F# Create Factorial function without recursion, library functions or loops

In this video about functional programming at 35:14 Jim Weirich writes a function to compute factorial without using recursion, library functions or loops: see image of Ruby code here

The code in Ruby

fx = ->(improver) {
  improver.(improver)
}.(
   ->(improver) {
     ->(n) { n.zero ? 1 : n * improver.(improver).(n-1) }
   }
   )

I'm trying to express this approach F#

let fx =
    (fun improver -> improver(improver))(
    fun improver ->
             fun n ->
             if n = 0 then 1
             else n * improver(improver(n - 1)))

I'm currently stuck at

Type mismatch.

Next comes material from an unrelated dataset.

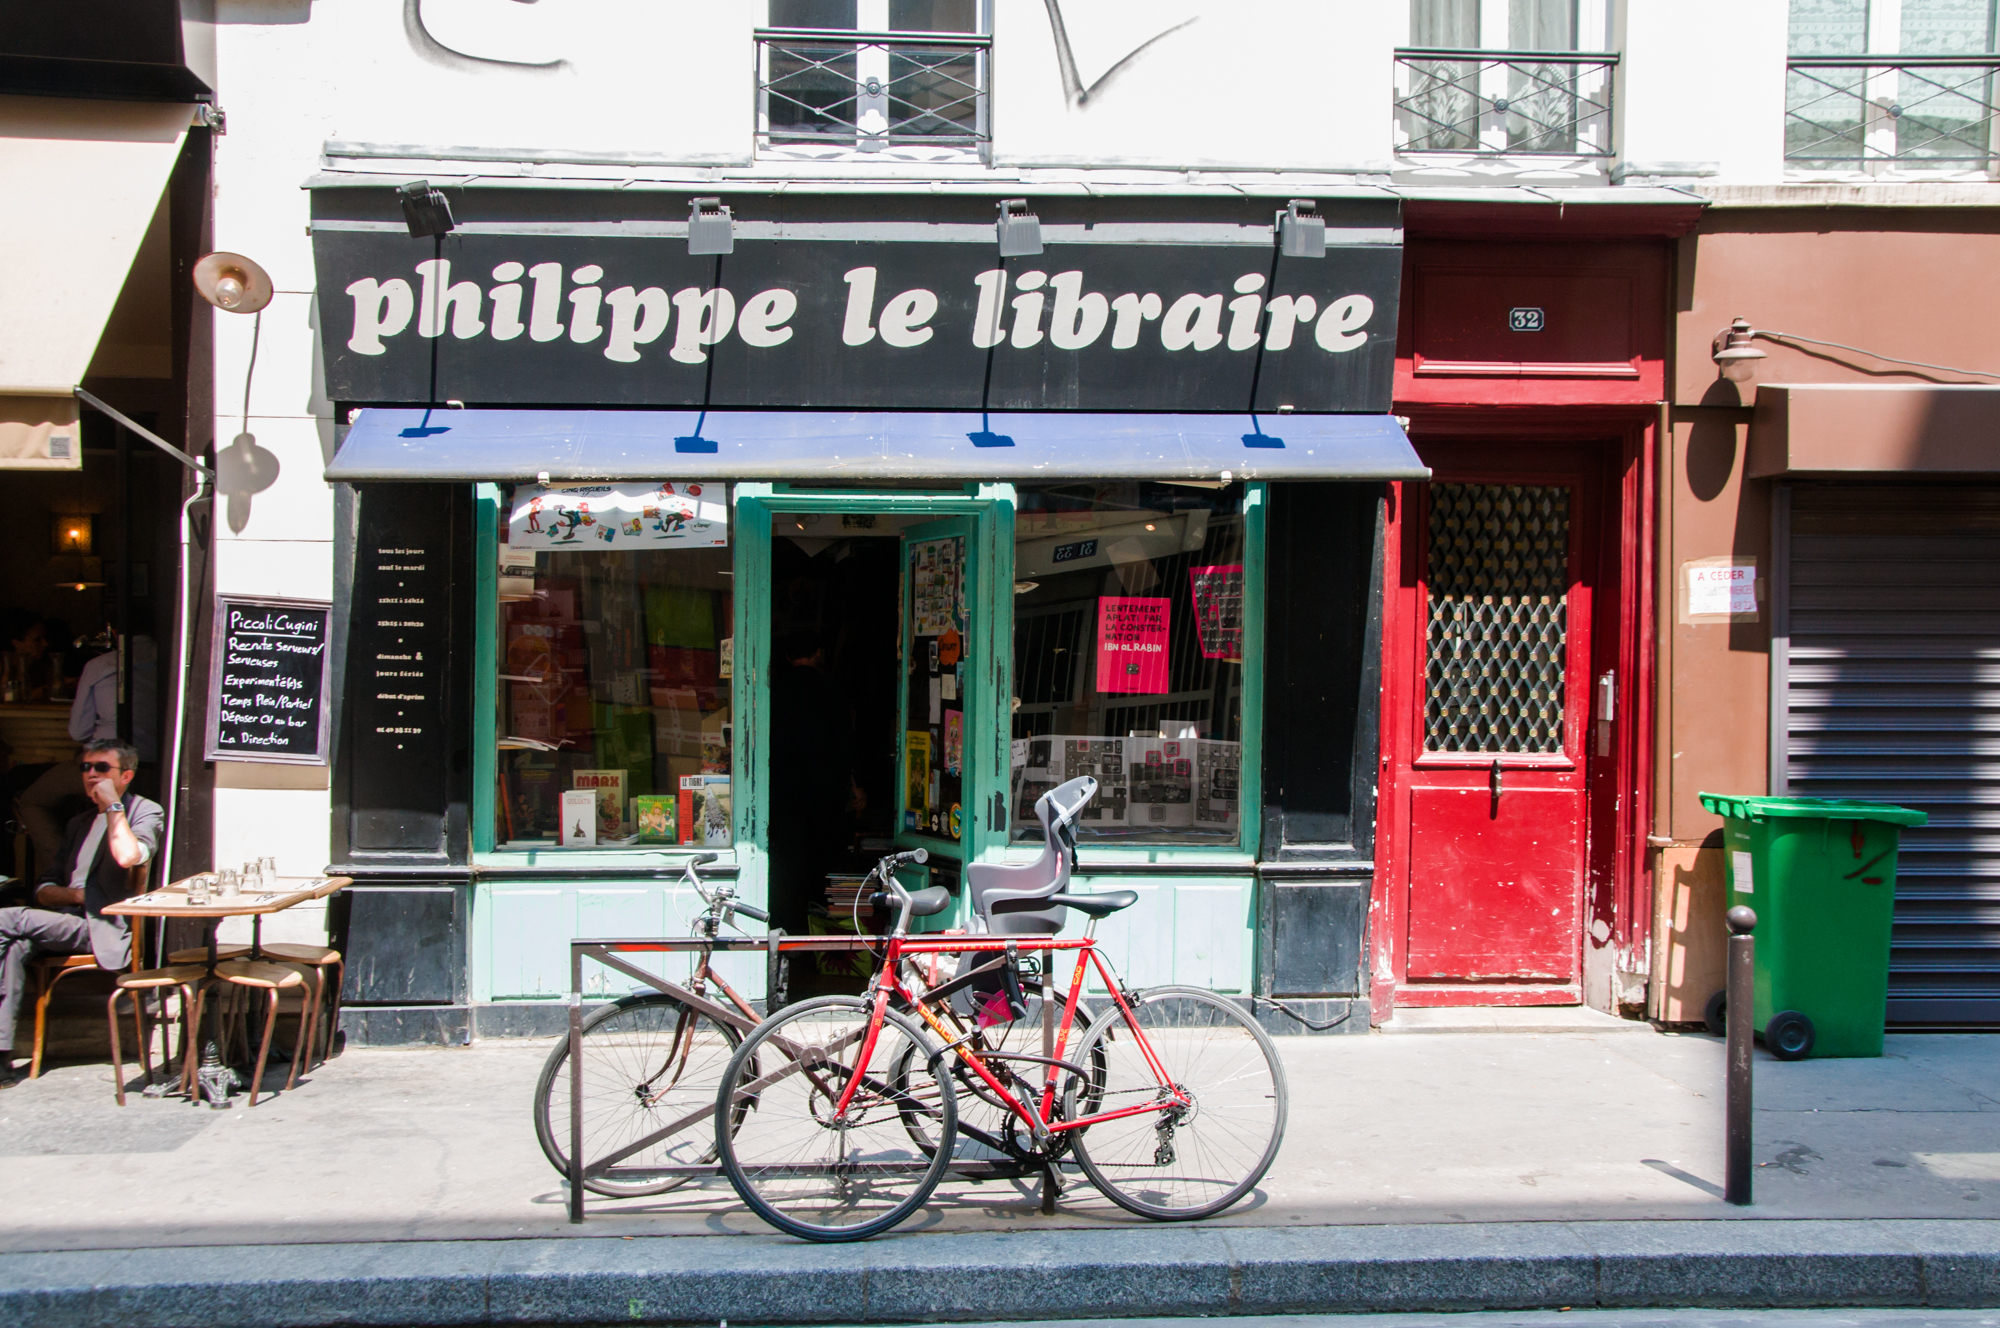 Philippe le Libraire

Expecting a 'a but given a 'a -> 'b
The resulting type would be infinite when unifying ''a' and ''a -> 'b'

I can't seem find the right type annotation or other way of expressing the function

Edit:

*without the rec keyword


Languages with ML-style type inference won't be able to infer a type for the term fun improver -> improver improver ; they start by assuming the type 'a -> 'b for a lambda-definition (for some undetermined types 'a and 'b ), so as the argument improver has type 'a , but then it's applied to itself to give the result (of type 'b ), so improver must simultaneously have type 'a -> 'b . But in the F# type system there's no way to unify these types (and in the simply-typed lambda calculus there's no way to give this term a type at all). My answer to the question that you linked to in your comment covers some workarounds. @desco has given one of those already. Another is:

let fx = (fun (improver:obj->_) -> improver improver)
         (fun improver n -> 
              if n = 0 then 1 
              else n * (improver :?> _) improver (n-1))

这是作弊,但你可以使用类型

type Self<'T> = delegate of Self<'T> -> 'T
let fx1 = (fun (x: Self<_>) -> x.Invoke(x))(Self(fun x -> fun n -> if n = 0 then 1 else x.Invoke(x)(n - 1) * n))

type Rec<'T> = Rec of (Rec<'T> -> 'T)
let fx2 = (fun (Rec(f ) as r) -> f r)(Rec(fun ((Rec f) as r) -> fun n -> if n = 0 then 1 else f(r)(n - 1) * n))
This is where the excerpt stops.